**PROBLEM TO WORK ON:**
Begin at the line below that has "Είναι φυσιολογικό το" and stop after the line that has "Zahlen auf eine". Please restate only those lines, word for word.

**INFORMATION SHOWN:**
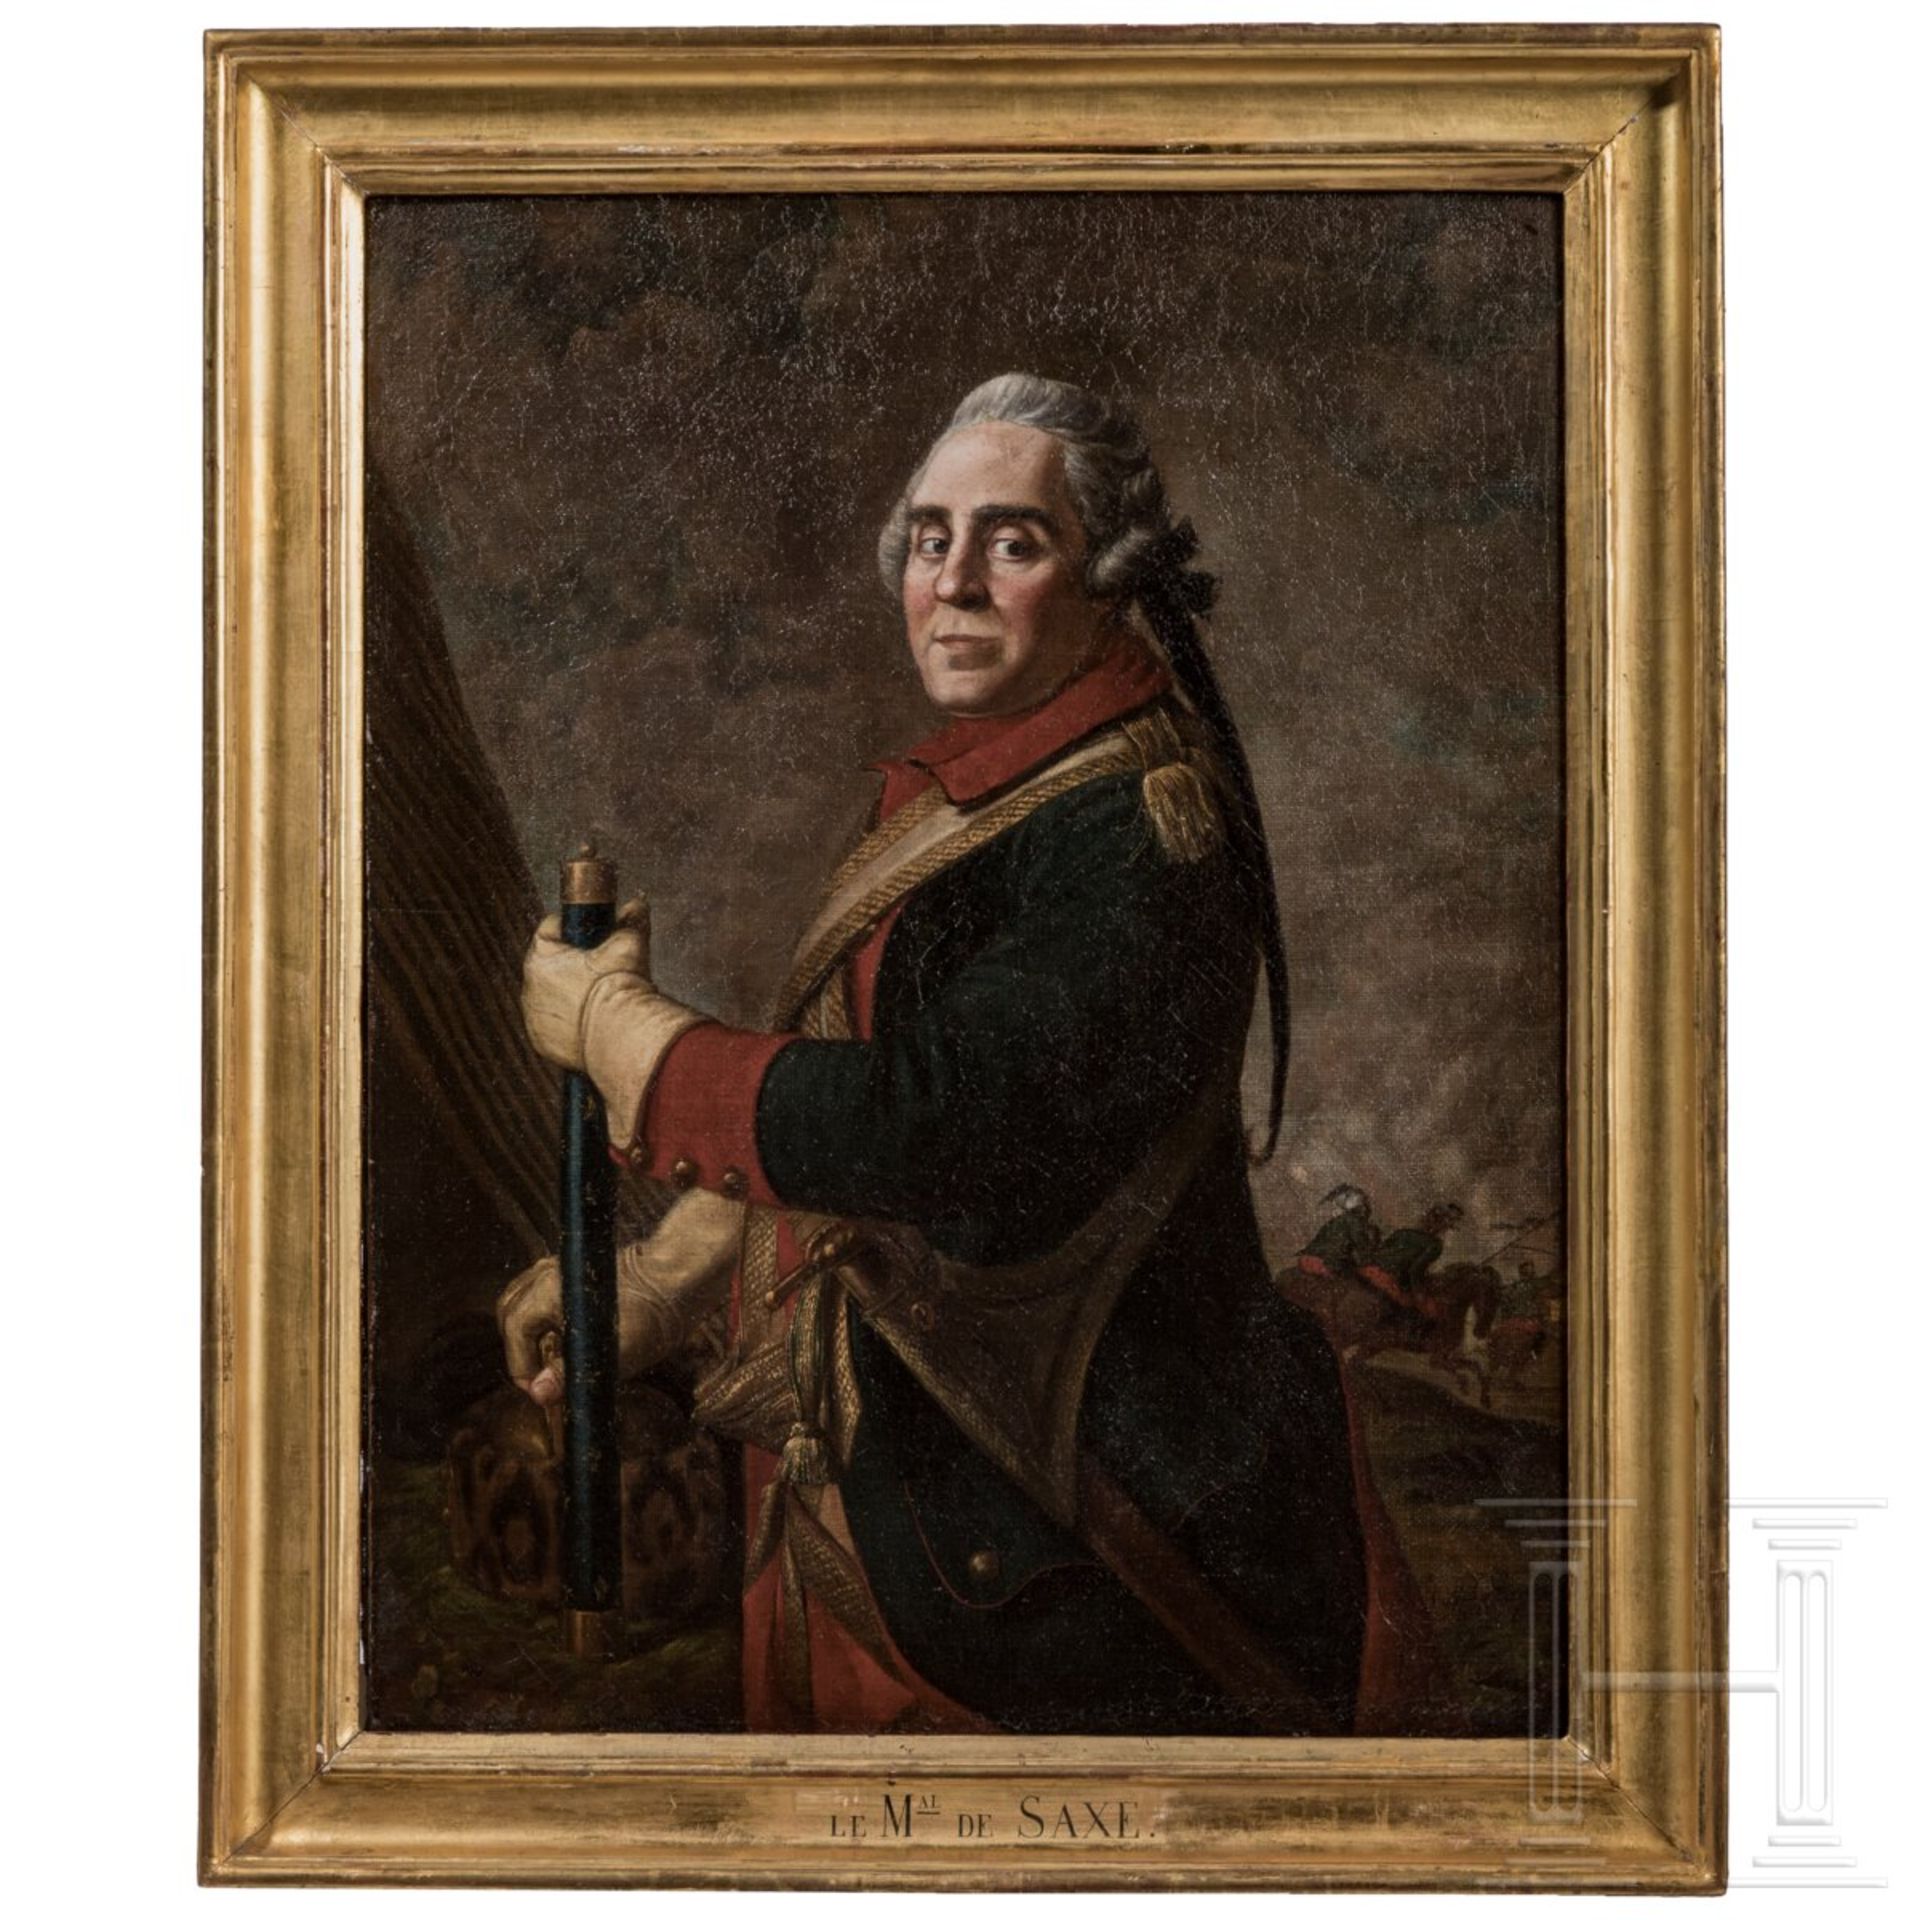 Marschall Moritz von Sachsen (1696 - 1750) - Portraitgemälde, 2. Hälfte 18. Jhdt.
--
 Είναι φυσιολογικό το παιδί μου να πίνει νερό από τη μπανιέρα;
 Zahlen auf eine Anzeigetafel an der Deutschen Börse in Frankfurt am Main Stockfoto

**REPLY:**
 Είναι φυσιολογικό το παιδί μου να πίνει νερό από τη μπανιέρα;
 Zahlen auf eine Anzeigetafel an der Deutschen Börse in Frankfurt am Main Stockfoto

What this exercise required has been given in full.